* [GIVEN RECORDS]
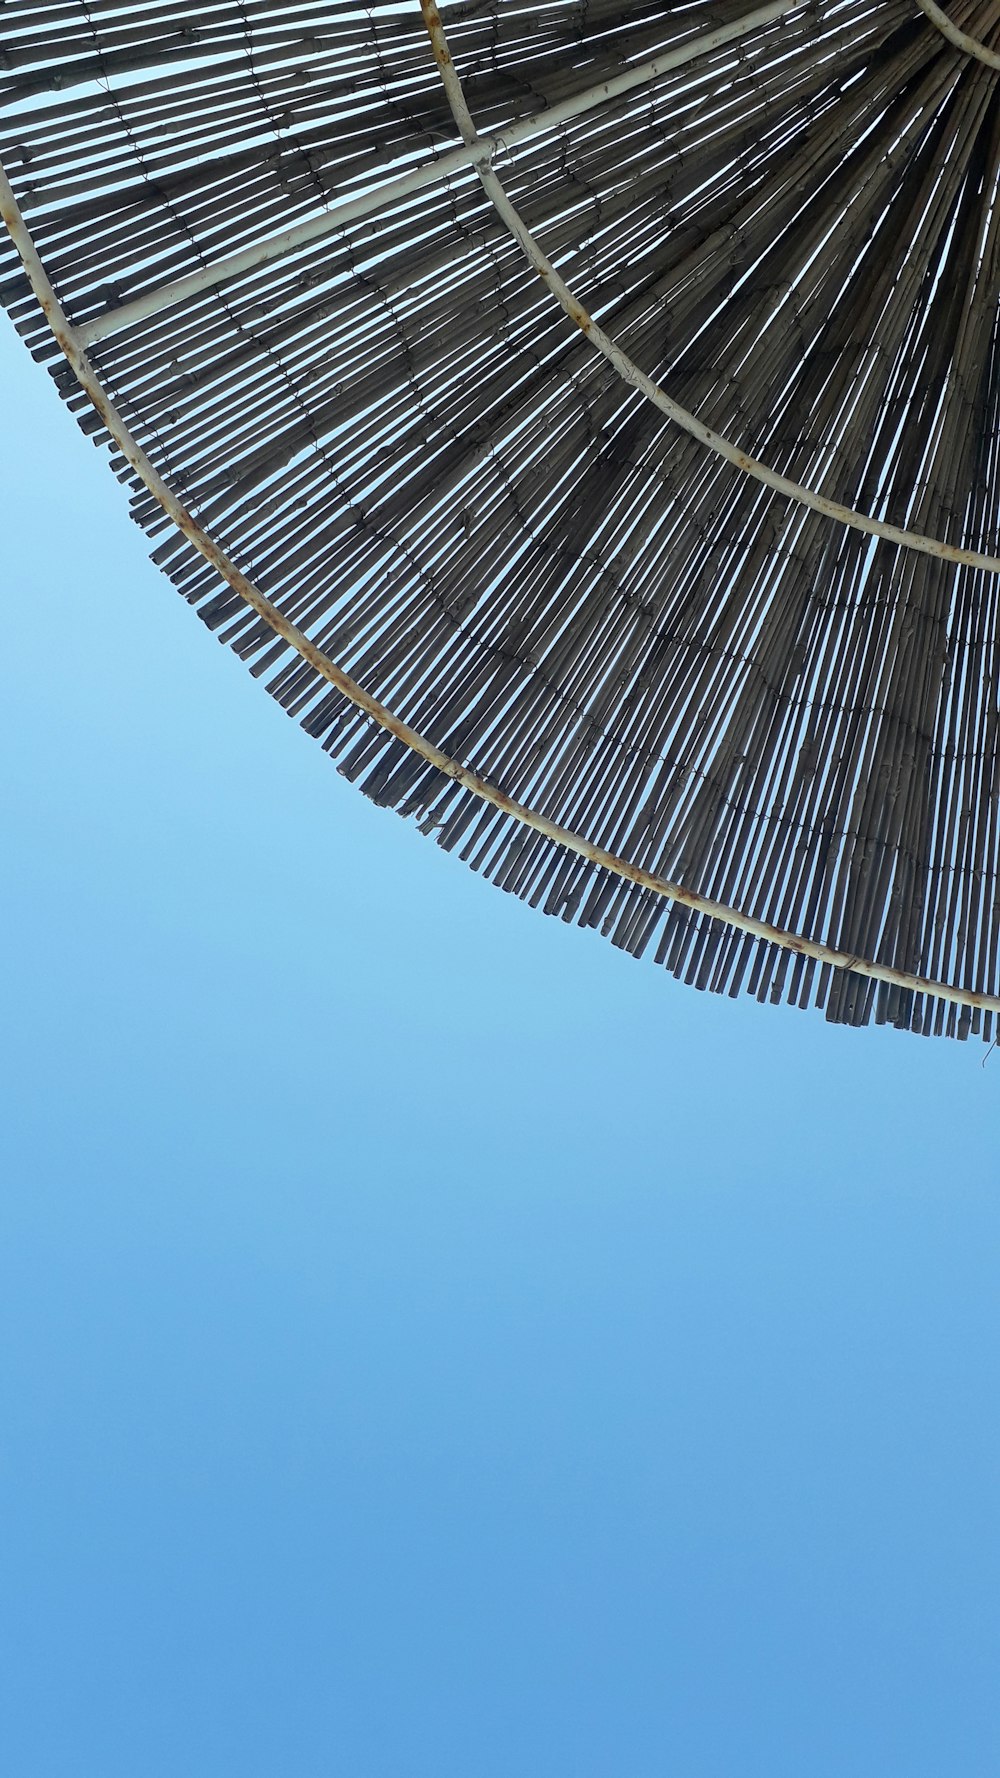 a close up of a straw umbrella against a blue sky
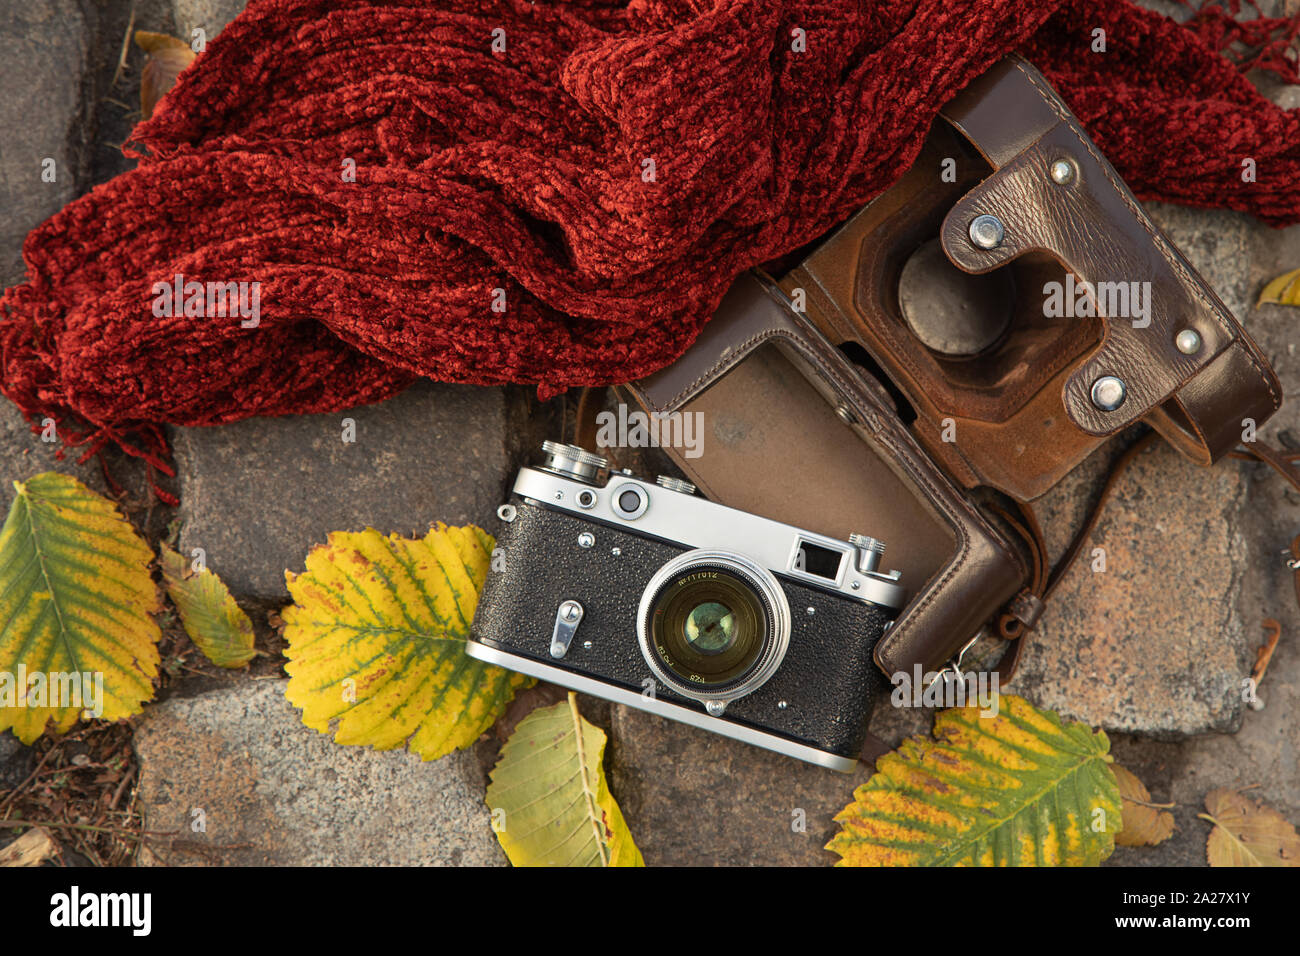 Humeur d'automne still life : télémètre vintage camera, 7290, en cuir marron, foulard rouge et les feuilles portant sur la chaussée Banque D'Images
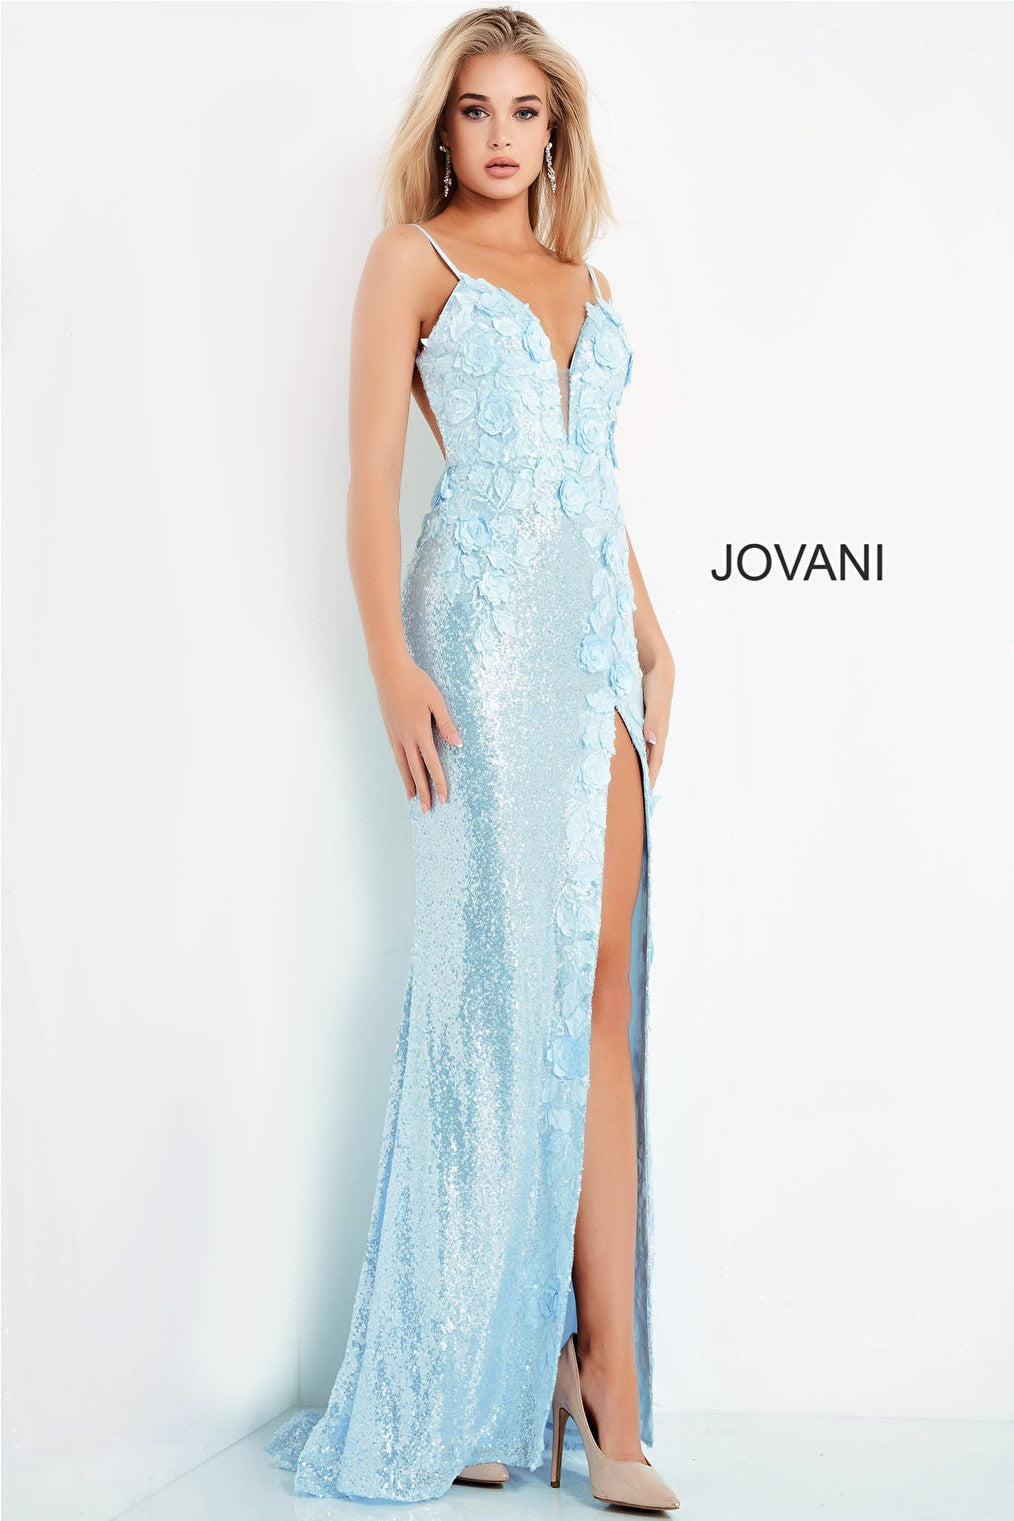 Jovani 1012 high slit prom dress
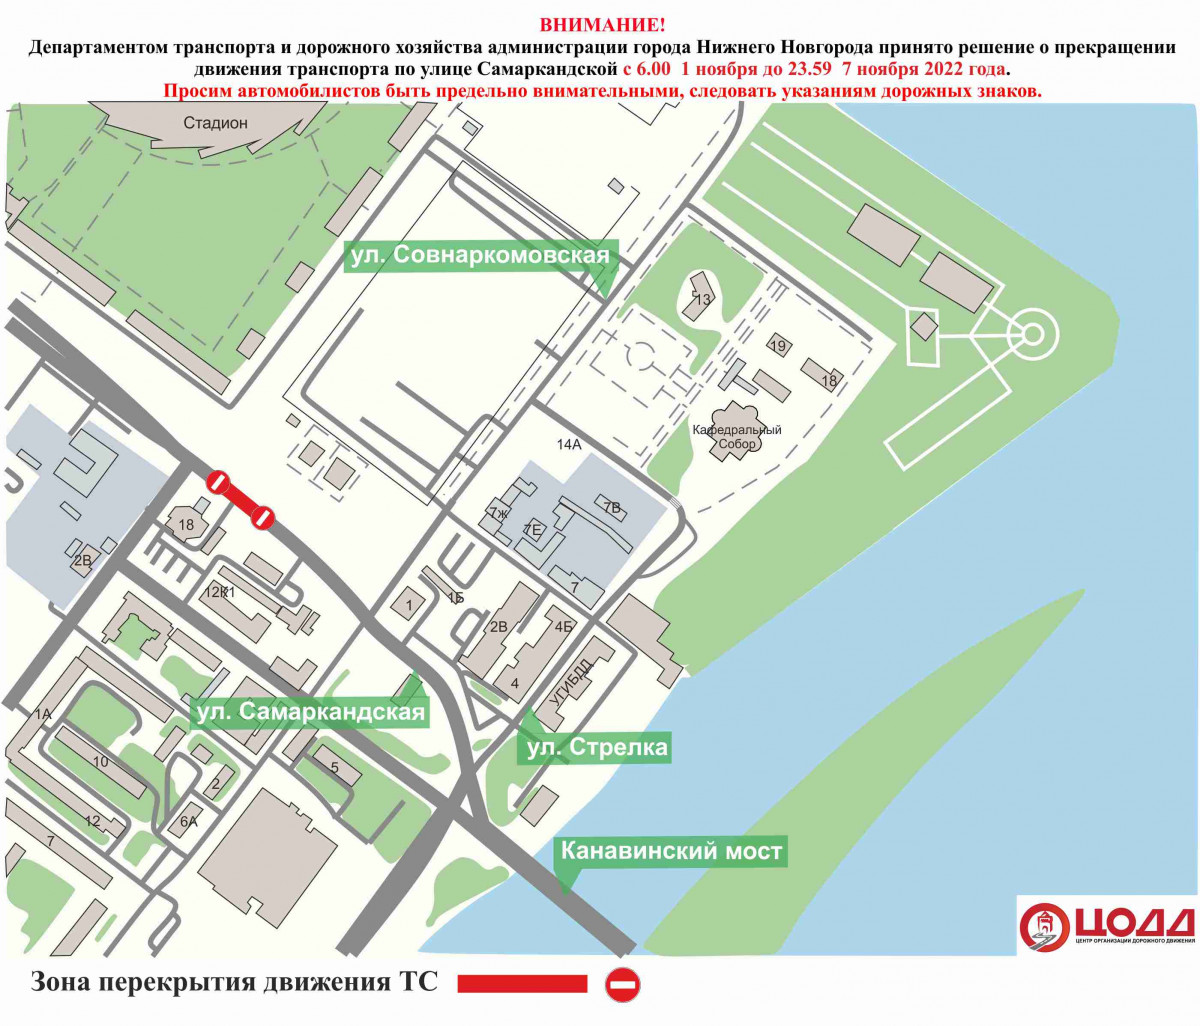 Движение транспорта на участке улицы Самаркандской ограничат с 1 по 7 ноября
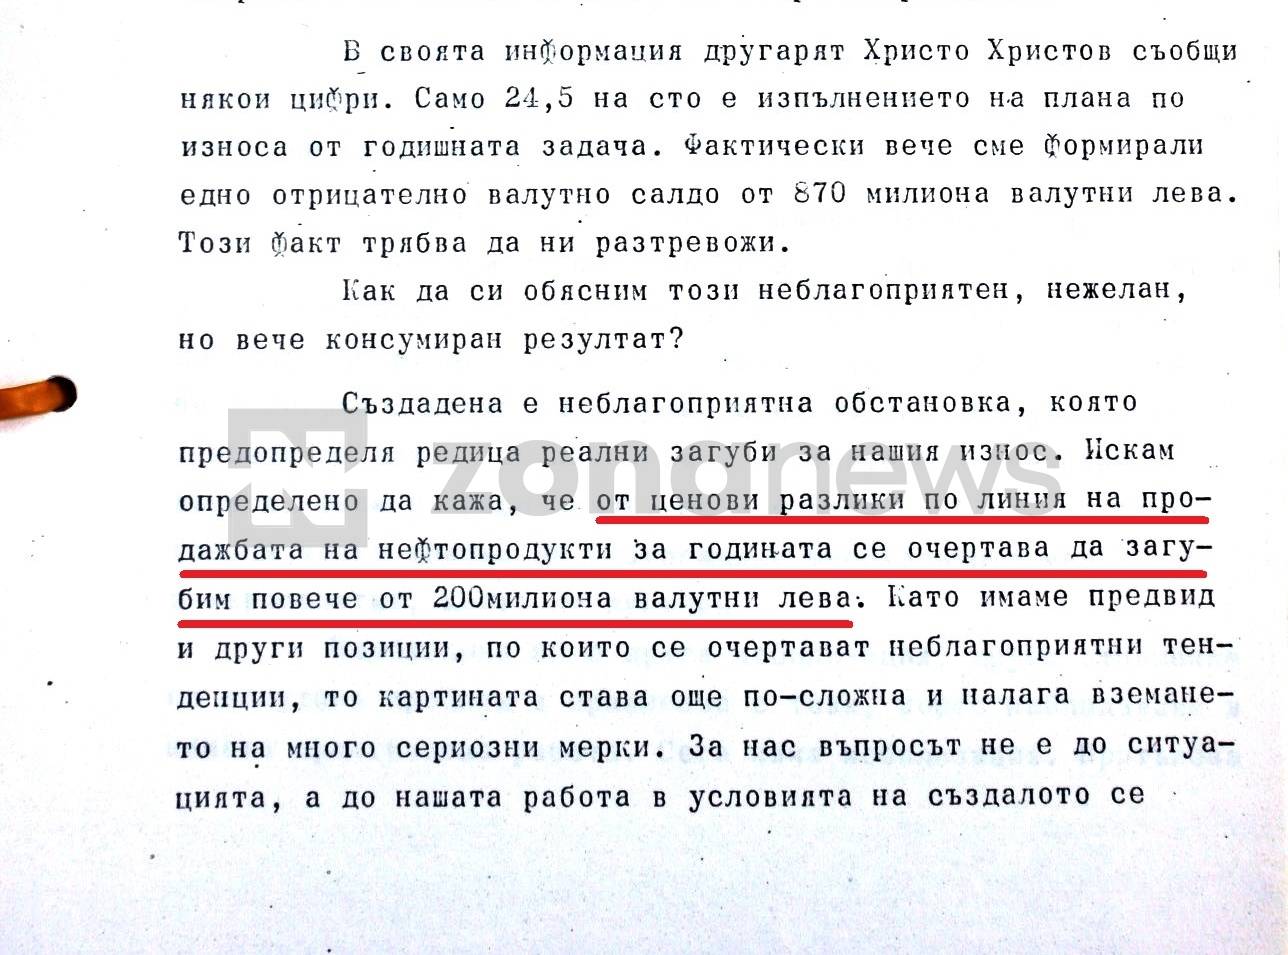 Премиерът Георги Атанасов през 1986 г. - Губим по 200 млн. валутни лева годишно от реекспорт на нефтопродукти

* [ASSIGNMENT] Pictures don't belong in the copy. Restate all the entries exactly.

* [SOLUTION TO THIS TASK]
 a close up of a straw umbrella against a blue sky
 Humeur d'automne still life : télémètre vintage camera, 7290, en cuir marron, foulard rouge et les feuilles portant sur la chaussée Banque D'Images
 Jovani 1012 high slit prom dress
 Движение транспорта на участке улицы Самаркандской ограничат с 1 по 7 ноября
 Премиерът Георги Атанасов през 1986 г. - Губим по 200 млн. валутни лева годишно от реекспорт на нефтопродукти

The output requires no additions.